I know there's plenty of questions on Laurent series, but I haven't found any suitable for my case.
I have to find the series for $f(z) = \dfrac{1}{z^2-4z+5}$ for a disk centered at $z_{0} = 1$ with a radius $R = \sqrt{2}$ and later for an annulus centered also at $z_ {0} = 1$ and from radius $\sqrt{2}$ to $\infty$.
Figuring out how to find the series for the disk, I suppouse I will be able to find the one for the annulus.

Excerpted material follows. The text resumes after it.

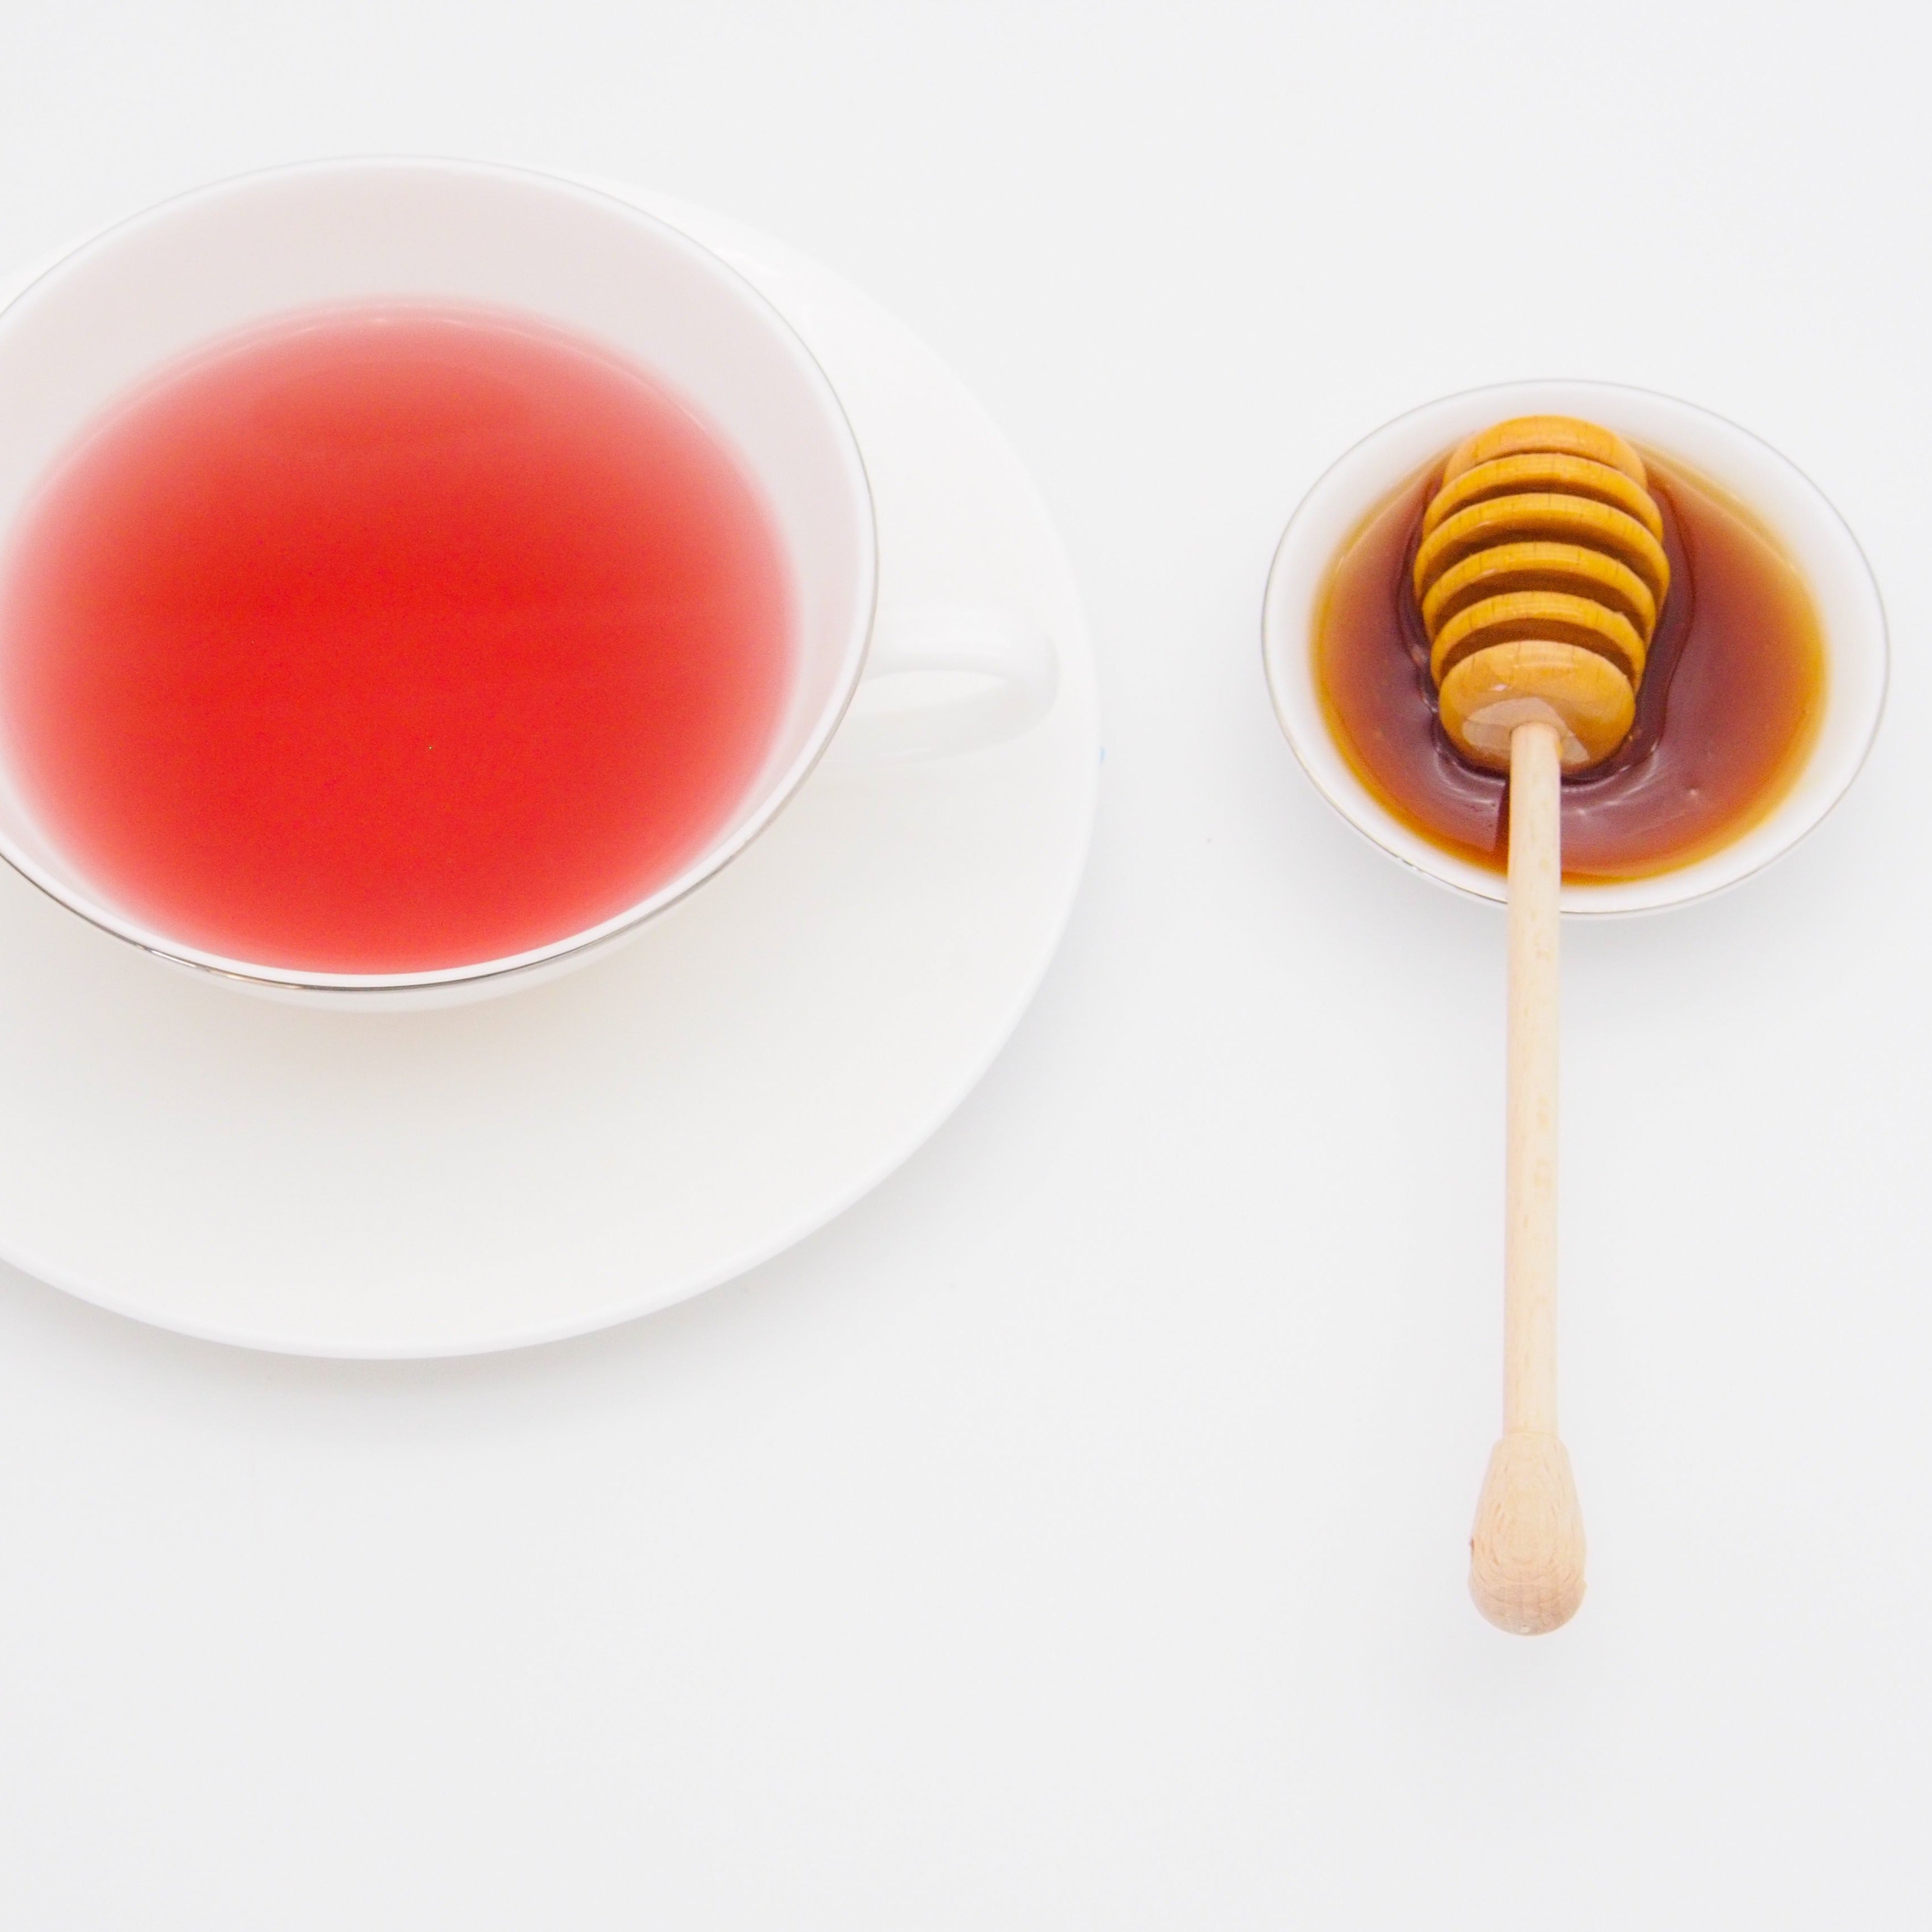 一杯のお茶と蜂蜜。

I have rewritten the expression as: \begin{equation} f(z) = \frac{A}{z-2+i} + \frac{B}{z-2-i} = \frac{i/2}{z-2+i} + \frac{-i/2}{z-2-i} \end{equation}
So I am able to find the series for each expression, \begin{equation} \frac{i/2}{z-1-1+i} = \frac{i/2}{(-1+i)(1+\frac{z-1}{-1+i})} = \frac{i}{2(-1+i)}\sum_{n=0}^{\infty} (-1)^{n} \left( \frac{z-1}{-1+i} \right) ^{n} \end{equation} The same for the other one, \begin{equation} \frac{-i/2}{z-1-1-i} = \frac{i}{2(1+i)}\sum_{n=0}^{\infty} (-1)^{n} \left( \frac{z-1}{-1-i} \right) ^{n} \end{equation}
In both cases, the radius of convergence is $\sqrt{2}$ \begin{equation} \left| \left( \frac{z-1}{-1-i} \right) \right| < 1 \rightarrow |z-1| < \left| -1-i \right| = \sqrt{(-1)^{2} + (-1)^{2}} = \sqrt{2} \end{equation}
I think I haven't made any mistake until now. My problem is that I haven't found out a way to add the sums, if that is the operation that I should do, to obtain the result. To be more precisely, I don't even know where to start to get the result: \begin{equation} f(z) = \sum_{n=0}^{\infty} \frac{(z-1)^{n}}{(\sqrt{2})^{n+1}} \sin (n+1)\frac{\pi}{4} = \frac{1}{2}+\frac{1}{2}(z-1)+\frac{1}{4}(z-1)^{2}-\frac{1}{8}(z-1)^{4} + \mathcal{O}(z-1)^{5} \end{equation}
Thanks for your time
Hint: These and de Moivre should help: $$(-1+i)^{-1} = -\sqrt{2}^{-1}(\cos \pi/4 +i \sin \pi/4) $$ $$(-1-i)^{-1} = -\sqrt{2}^{-1}(\cos \pi/4 -i \sin \pi/4) $$